Since \( \text{N}_2\text{O}_4 \) consists of two nitrogen atoms and four oxygen atoms, the total molar mass can be calculated as:
\[ 2 \times 14 + 4 \times 16 = 92 \text{ g/mol} \]
Using the calculated molar mass, we can understand other properties, such as vapour density, and derive important information about the dissociation of the compound under different conditions. In this problem, the initial molar mass helps relate vapour density to dissociation, allowing further insights into the chemical behavior of \( \text{N}_2\text{O}_4 \).

Chemical Equilibrium

Chemical equilibrium refers to the state in a reversible chemical reaction where the rate of the forward reaction equals the rate of the backward reaction. In other words, the concentrations of reactants and products remain constant over time. For the dissociation of \( \text{N}_2\text{O}_4 \), the equilibrium can be depicted as:
\[ \text{N}_2\text{O}_4 \rightleftharpoons 2\text{NO}_2 \]
Initially, when the reaction starts, \( \text{N}_2\text{O}_4 \) begins to dissociate into \( \text{NO}_2 \). As \( \text{NO}_2 \) molecules form, they also react with each other to reform \( \text{N}_2\text{O}_4 \). At equilibrium, these two rates are equal.

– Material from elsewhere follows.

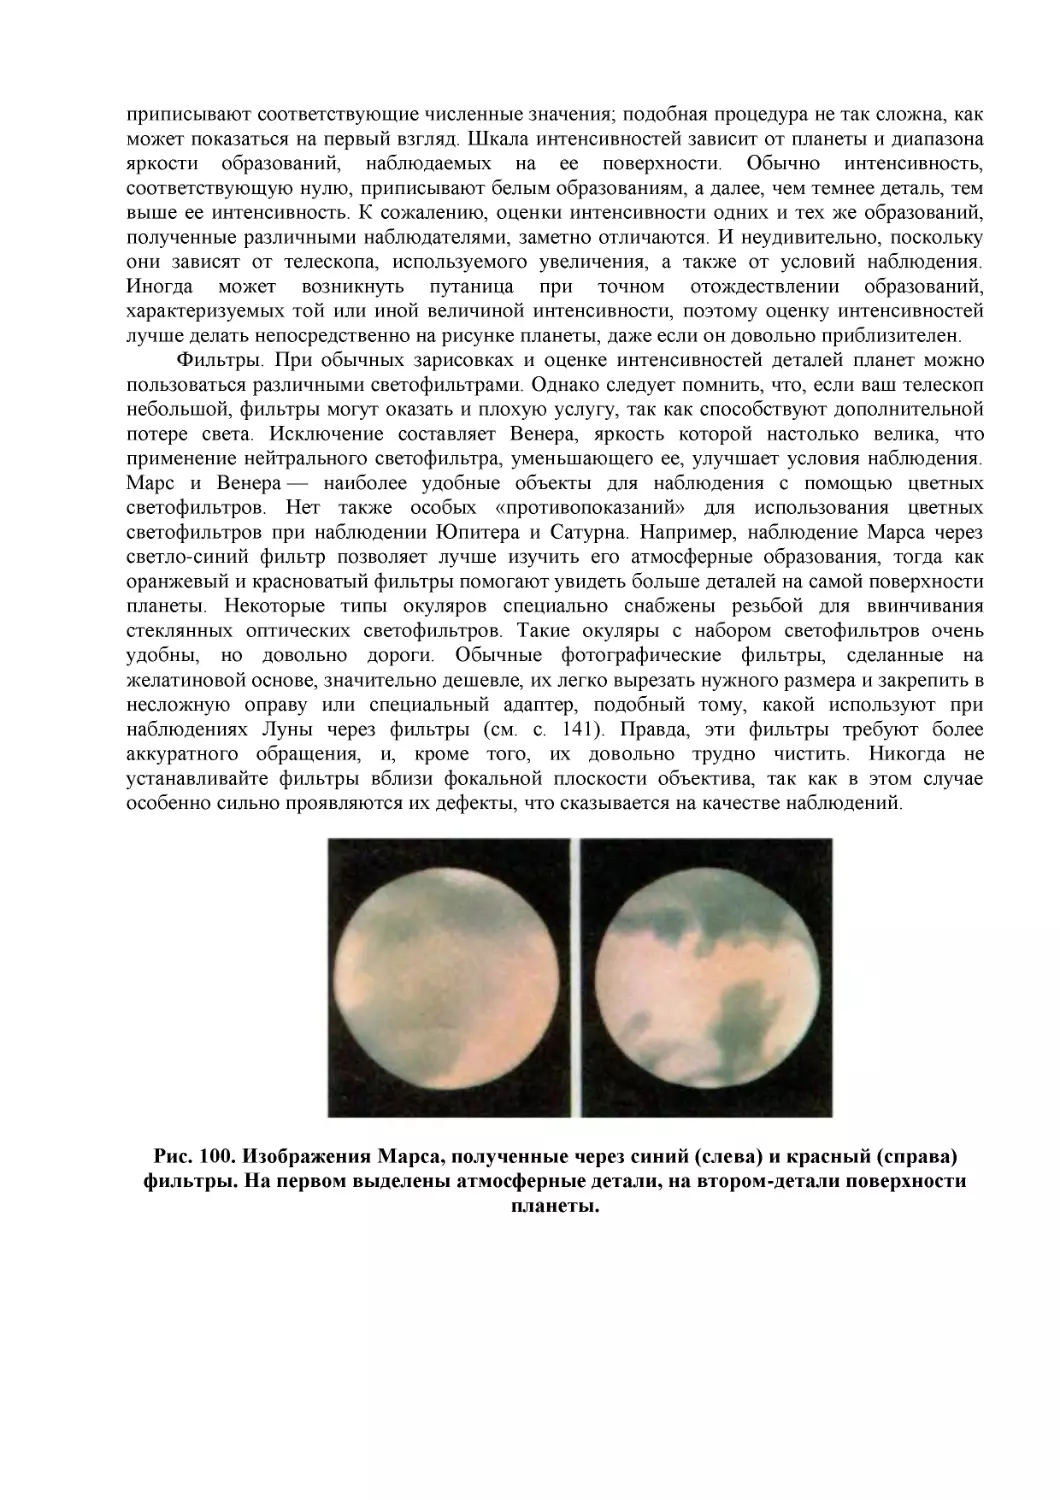 Рис. 100. Изображения Марса, полученные через синий (слева) и красный (справа) фильтры. На первом выделены атмосферные детали, на втором-детали поверхности планеты.

To analyze such a reaction, we consider the initial concentration of reactants and the change due to the reaction. Here, if \( x \) is the degree of dissociation, then at equilibrium the concentration of \( \text{N}_2\text{O}_4 \) would be \( 1-x \), and the concentration of \( \text{NO}_2 \) would be \( 2x \). The total number of moles, \( 1 + x \), leads to changes in the properties of the gaseous mixture, like vapour density.

Equilibrium is crucial for understanding the conditions under which reactions proceed. It helps in predicting the concentrations of products and reactants, assisting in the calculation of various properties like the degree of dissociation. Knowing the behavior at equilibrium enables adjustments in reaction conditions to achieve desired outcomes in chemical processes.